## [THE DATA]
#####
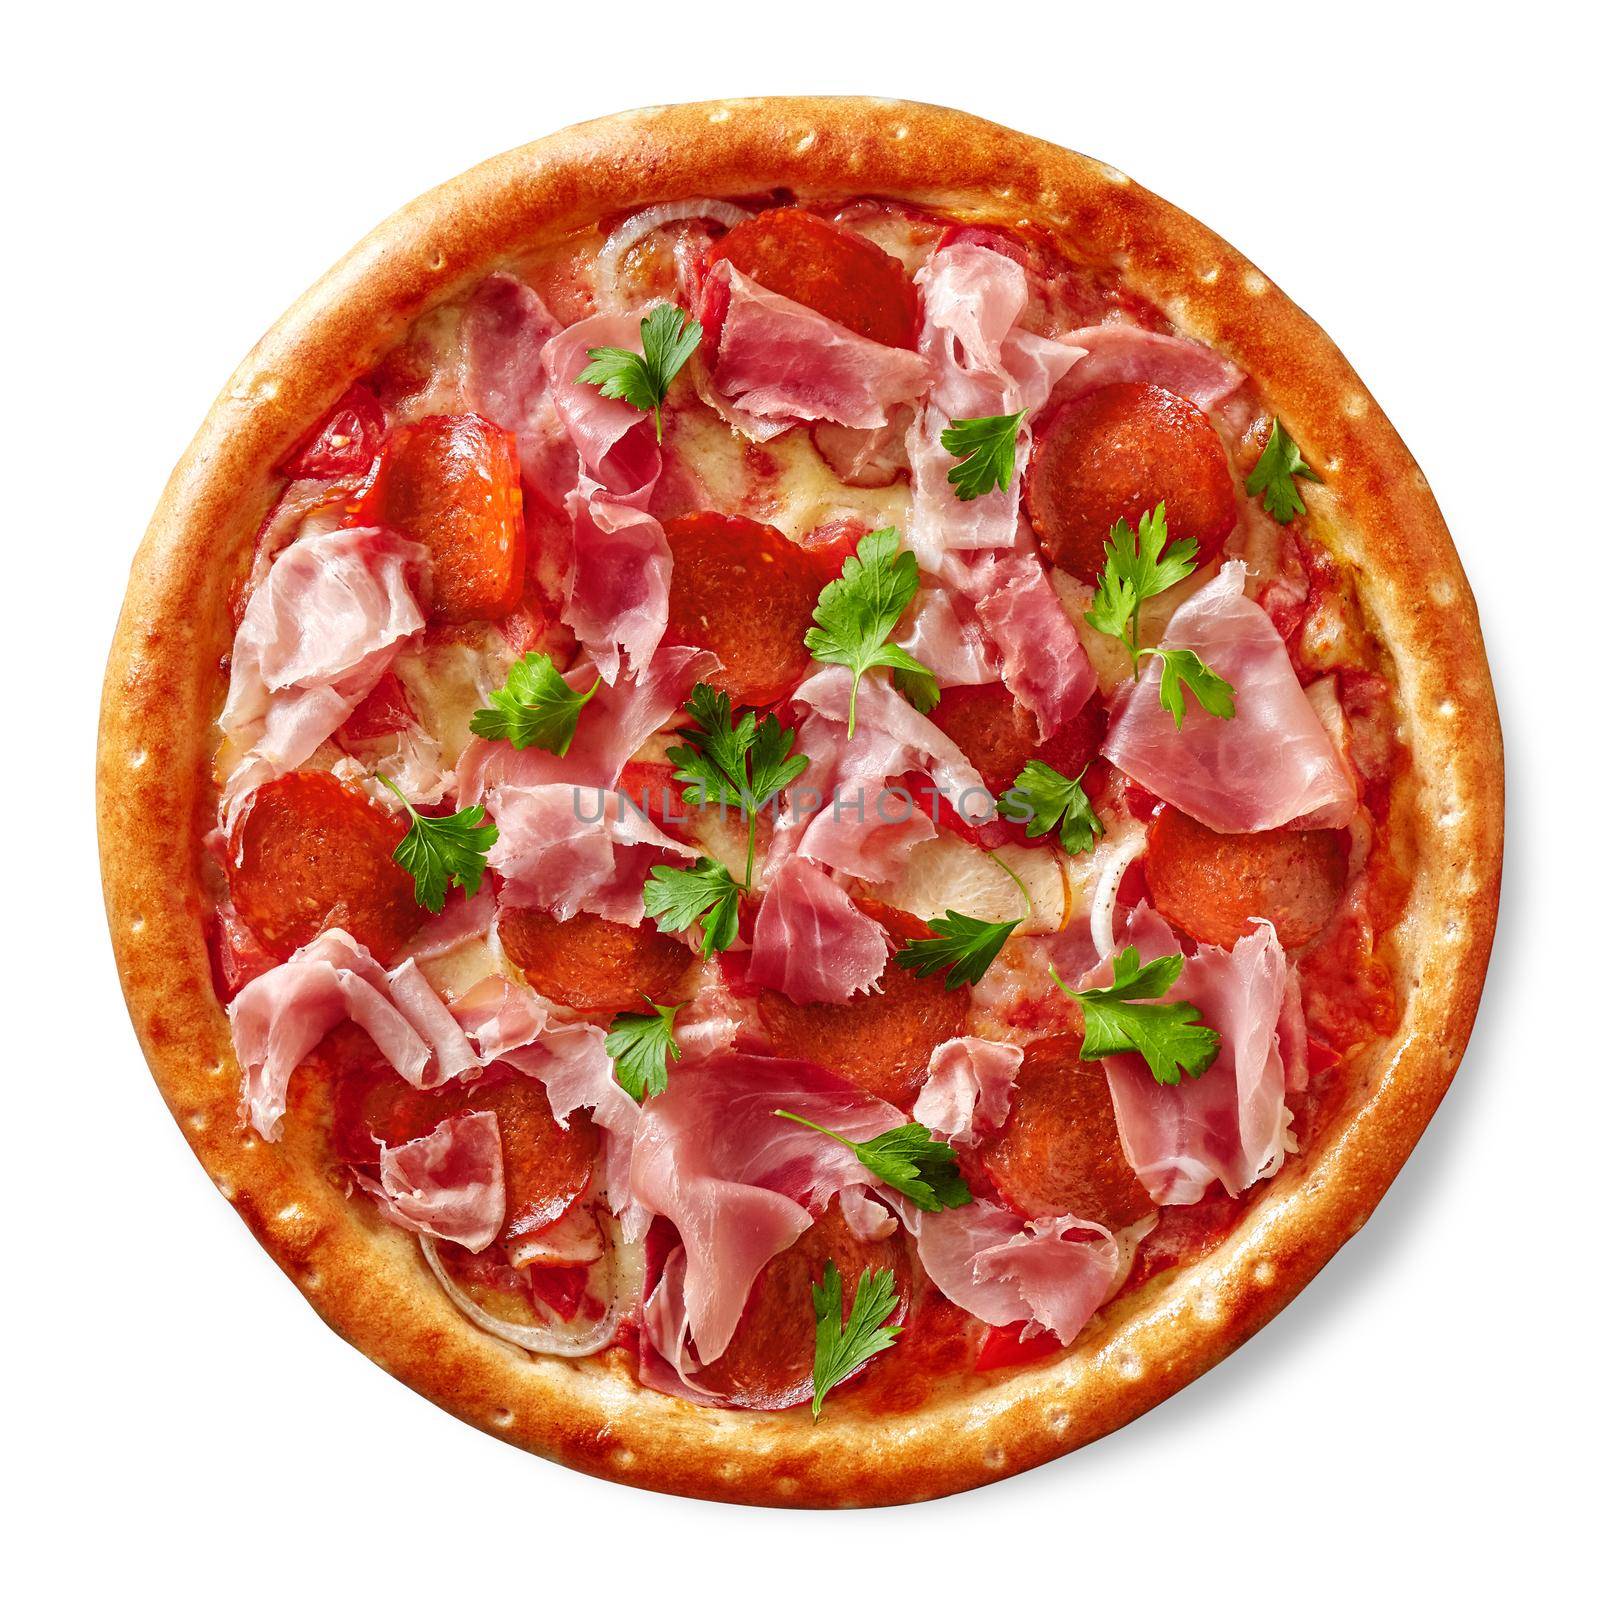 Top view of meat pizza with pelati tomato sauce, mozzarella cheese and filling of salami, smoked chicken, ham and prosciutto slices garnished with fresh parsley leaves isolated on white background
#####
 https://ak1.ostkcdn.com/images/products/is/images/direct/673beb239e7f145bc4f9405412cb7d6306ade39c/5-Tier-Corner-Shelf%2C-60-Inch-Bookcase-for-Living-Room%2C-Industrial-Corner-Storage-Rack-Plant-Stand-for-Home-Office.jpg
#####
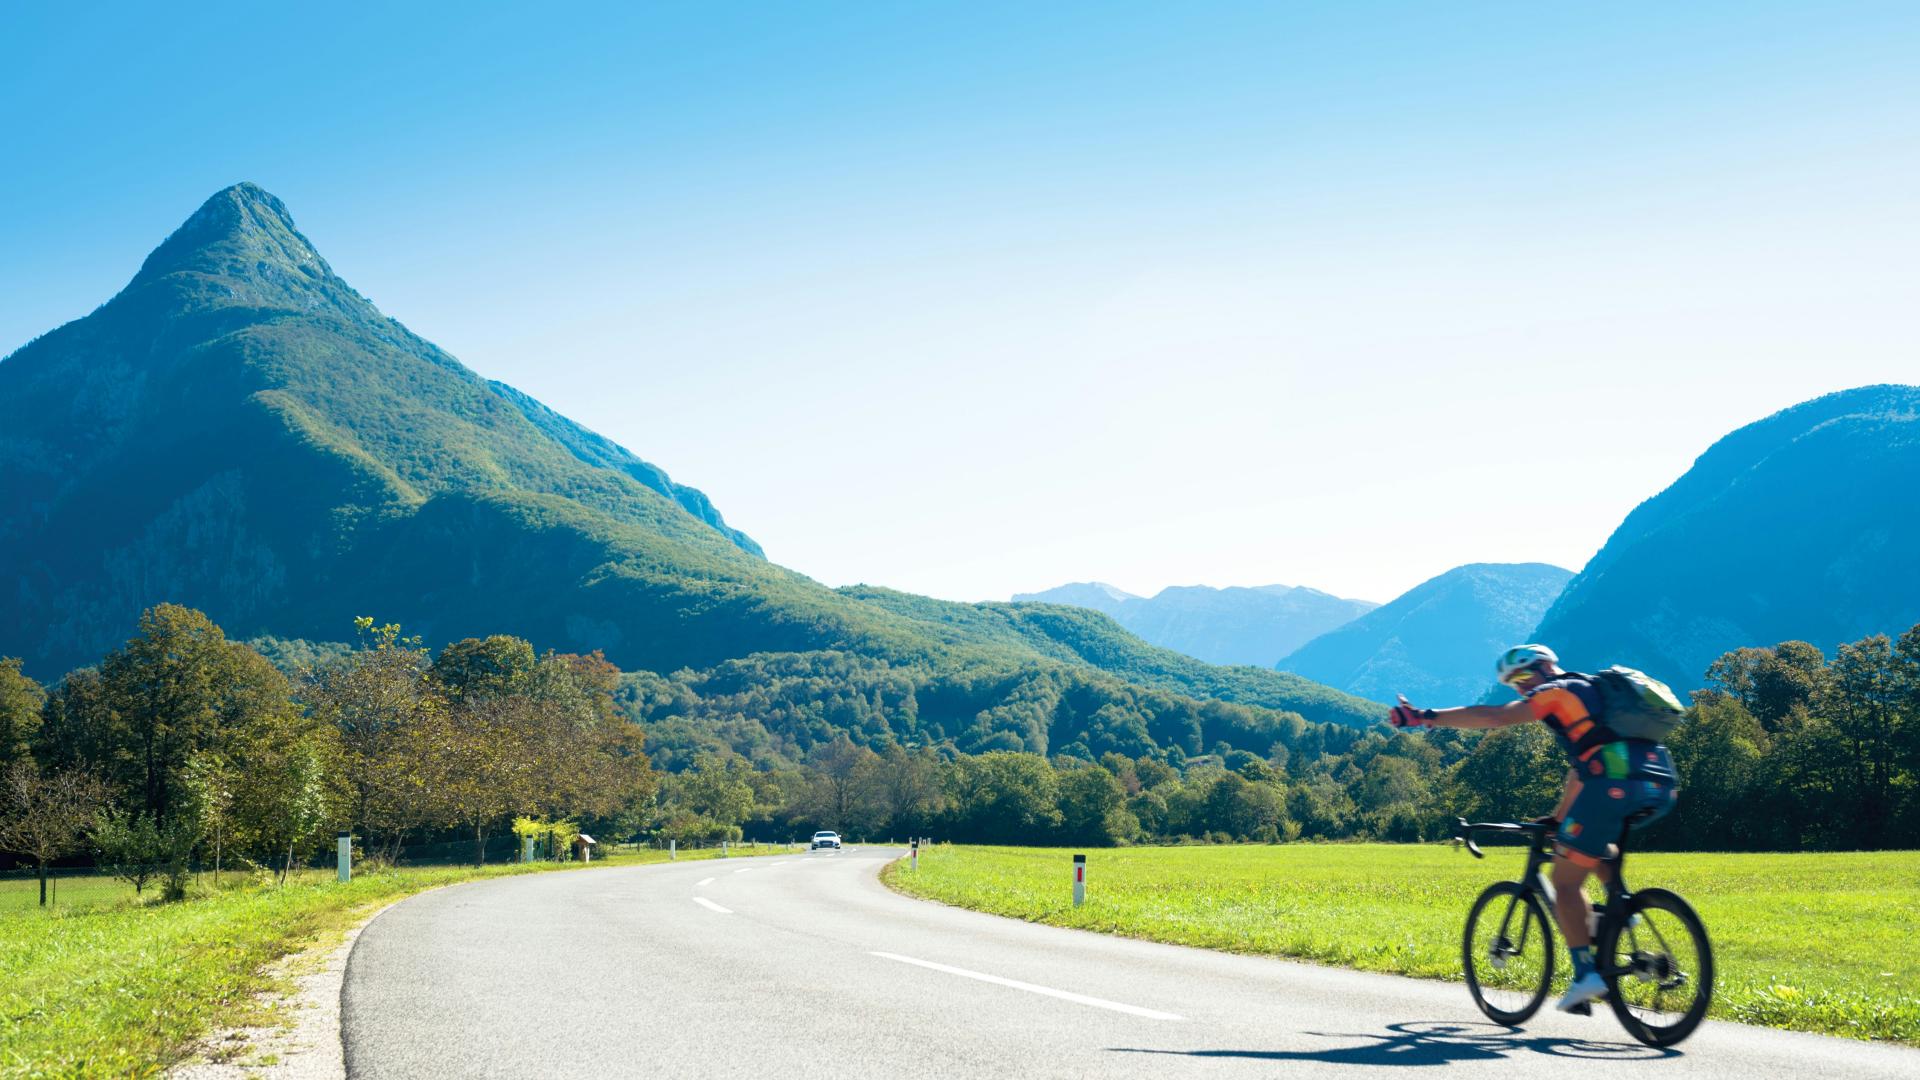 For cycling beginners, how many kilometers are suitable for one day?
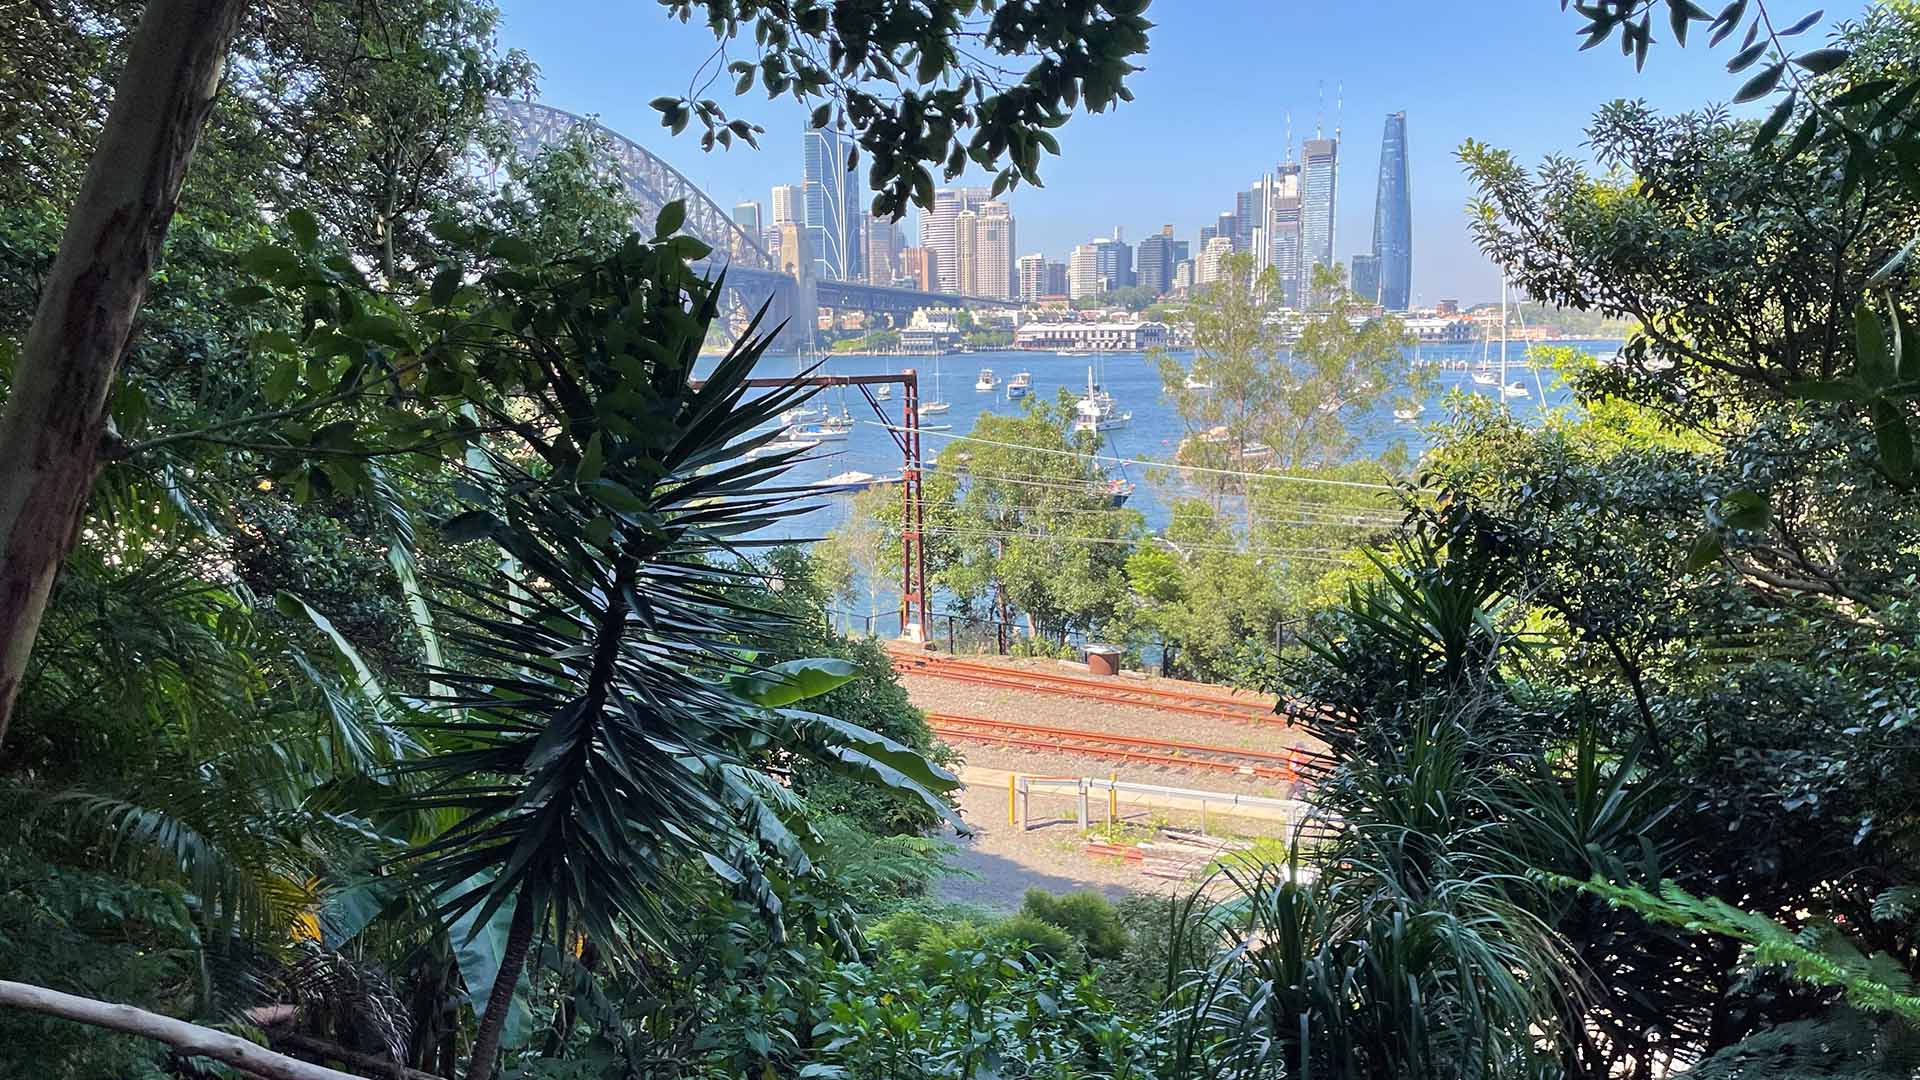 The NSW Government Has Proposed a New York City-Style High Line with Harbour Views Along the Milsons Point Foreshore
#####
## [BRIEF]
Take the material above from the line bearing "For cycling beginners, how" through the line bearing "The NSW Government" and write it out exactly, both end lines included. Pictures stay out.

## [EXERCISE SOLUTION]
 For cycling beginners, how many kilometers are suitable for one day?
 The NSW Government Has Proposed a New York City-Style High Line with Harbour Views Along the Milsons Point Foreshore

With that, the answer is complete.